Faster alternatives to Pandas pivot_table

2024/10/2 3:18:07

I'm using Pandas pivot_table function on a large dataset (10 million rows, 6 columns). As execution time is paramount, I try to speed up the process. Currently it takes around 8 secs to process the whole dataset which is way to slow and I hope to find alternatives to improve speed/performance.

My current Pandas pivot_table:

df_pivot = df_original.pivot_table(index="industry", columns = "months",values = ["orders", "client_name"],aggfunc ={"orders": np.sum, "client_name": pd.Series.nunique})

df_original includes all the data (10m rows, imported from a csv). Industry is the client's industry, months are the order months (Jan to Dec), orders are the number of orders. All data was converted to categorical data, except number of orders (int datatype). Originally industry, months and client_name were strings.

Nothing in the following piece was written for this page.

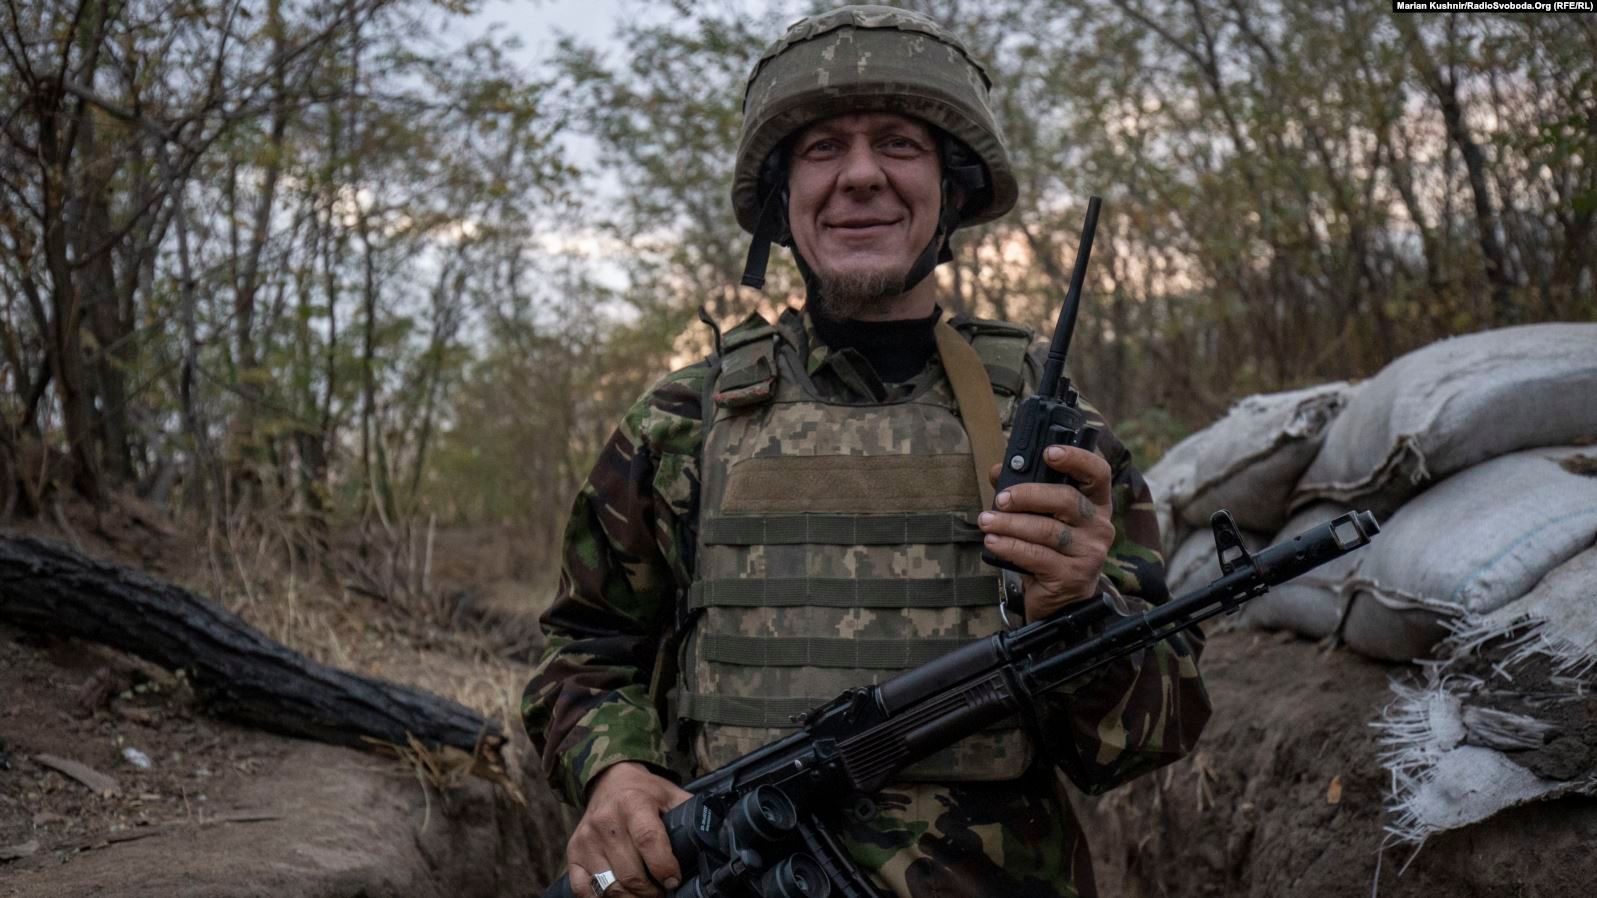 Як священник пішов на фронт захищати Україну – розповідь морського піхотинця - фото 62924

I tried using pandas.DataFrame.unstack - which was even slower. Also I experimented with Dask. The dask pivot_table yielded some improvement (6 sec execution time - so 2 sec less). However, it is still pretty slow. Are there any faster alternatives (for large datasets)? Maybe recreation of the pivot table with groupy, crosstab, ... Unfortunately, I did not get the alternatives to work at all and I am still quite new to Python and Pandas... Looking forward to your suggestions. Thanks in advance!


I figured out the groupby way with:

df_new = df_original.groupby(["months", "industry"]).agg({"orders": np.sum, "client_name": pd.Series.nunique}).unstack(level="months").fillna(0)

This is much faster now with about 2-3 secs. Are there still some options to improve speed further?


Convert the columns months and industry to categorical columns: This way you avoid a lot of string comparisons.